I decided to try a different tact. I built a board with wooden blocks representing various types of buildings that could be moved around. I went around to groups and organizations and had them "build" what they wanted to see Concord Street become. It generated a lot of interest in the project.
We still had to solve the problem of relocation. We decided to apply for elderly housing. We had to sell the idea, because whenever anyone mentioned public housing, community residents pointed to the "projects" in the nearby larger city, and they wanted nothing to do with that kind of housing.
After many meetings, the housing authority submitted an application to HUD for elderly housing. At the time, elderly housing was restricted to people 62 years of age or older. I wrote and submitted the application. It was approved and funded, and we opened the project to bids.

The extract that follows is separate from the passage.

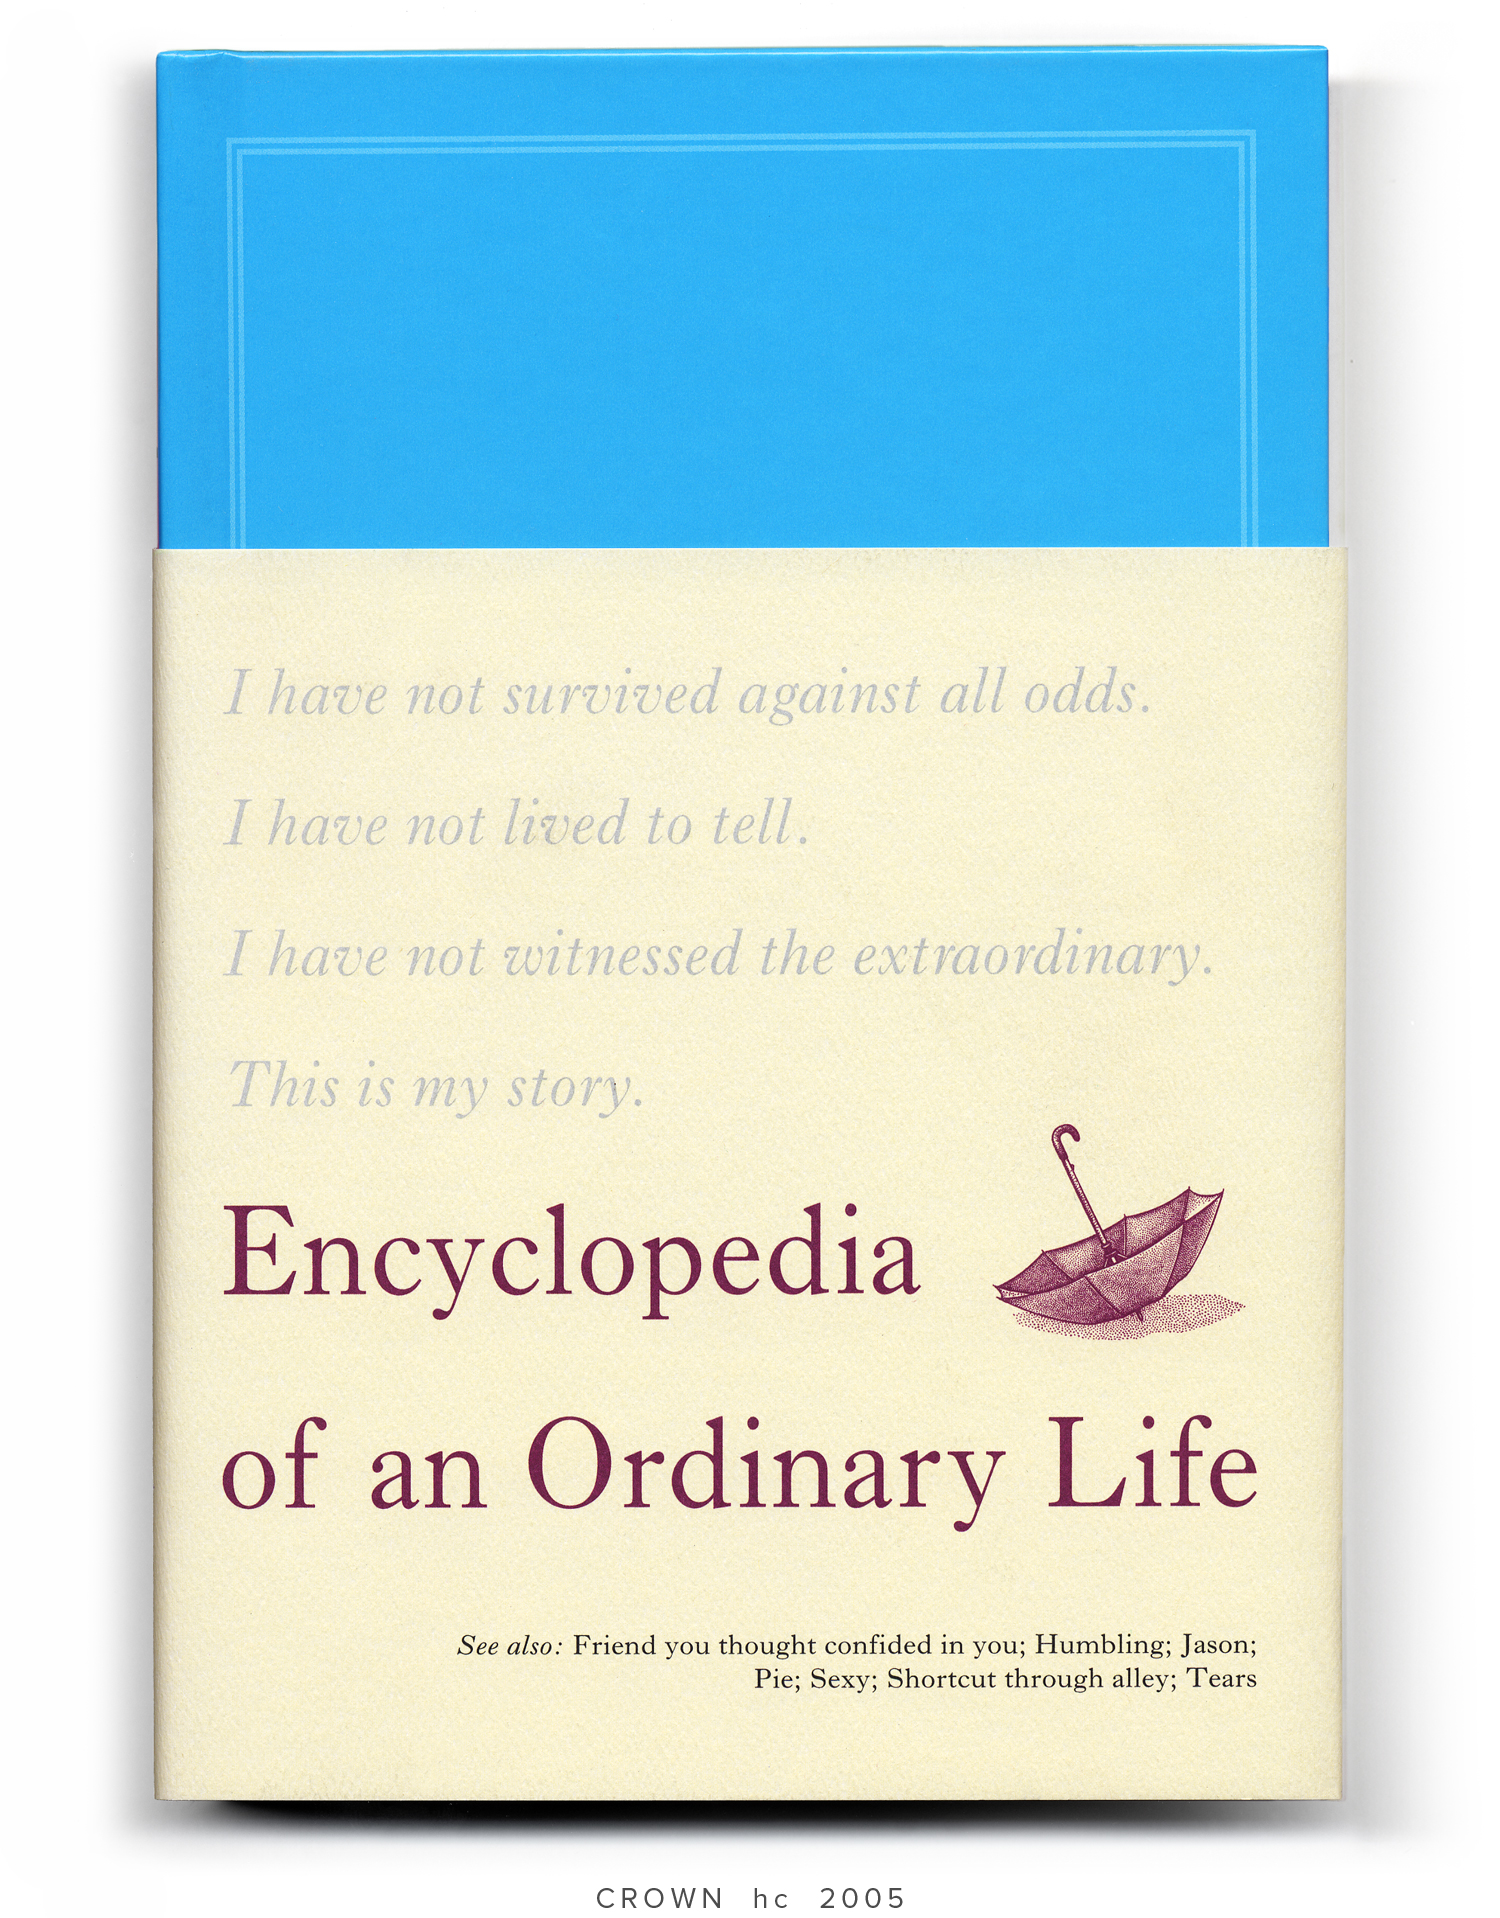 ENCYCLOPEDIA-OF-AN-ORDINARY-LIFE-hc-ss6.jpg

We decided to do it as a "turnkey" project. Prior to this method of development, the only choice housing authorities had was to hire an architect who drew the plans. Then the housing authority would bid out the design, buy the land, and bid out the construction. With the new method, turnkey, the developer would present plans and costs and, at the end of the construction project, turn it over to the housing authority when it was ready for occupancy. It was a new way to do the buildings, it was faster, and we wanted to be in the new wave.
In your 20s, you're excited about everything, especially with a job as much fun as this one was. I'd always been interested in design, although I wasn't an architect or even a reader of plans, but this was my baby and I wanted to do it! I took classes. I learned to read plans. I studied. I questioned people until they were sick of me.

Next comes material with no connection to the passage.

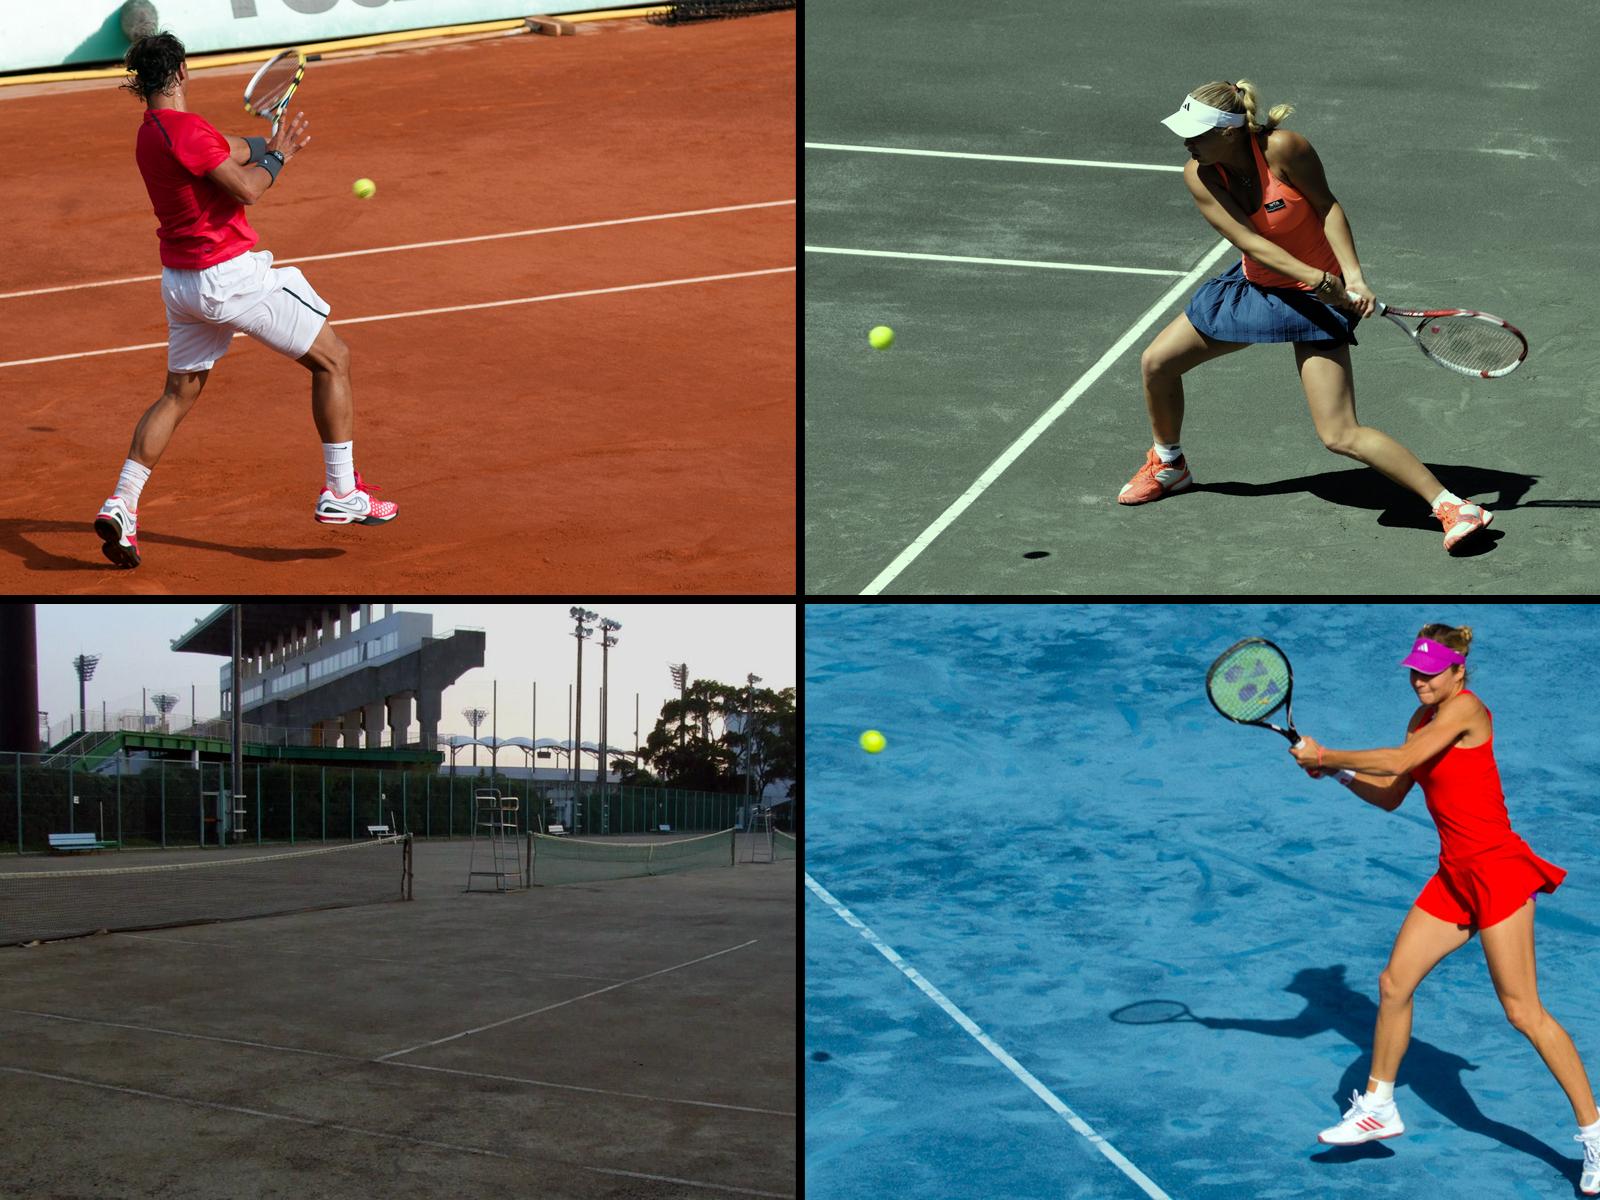 Clay Court Tennis Shoes Australia

We finally awarded a contract to a developer. I got to go all the way to the HUD office in Chicago to present plans with the developer and report on the construction progress. They didn't have state HUD offices then, only regional HUD offices.
I remember Mr. Papadopolis, a HUD staff person, who reviewed the plans. I think it was hard for him not to wonder why my housing authority had hired this 20-something, and perhaps laugh (behind his hands and my back, of course). I held my head up and talked the talk about the plans like a pro —well, sort of like a pro.
I got a hard hat that barely fit over my updo hairstyle, and I lived every nail in every board and every concrete pour. I stood on each floor as the building went up, and as I looked down into what would be the elevator shaft, I envisioned all the people who were going to live in this wonderful building. The nine-story elderly highrise was being built sort-of-at-the-top-of-the-hill, looking down on Concord Street.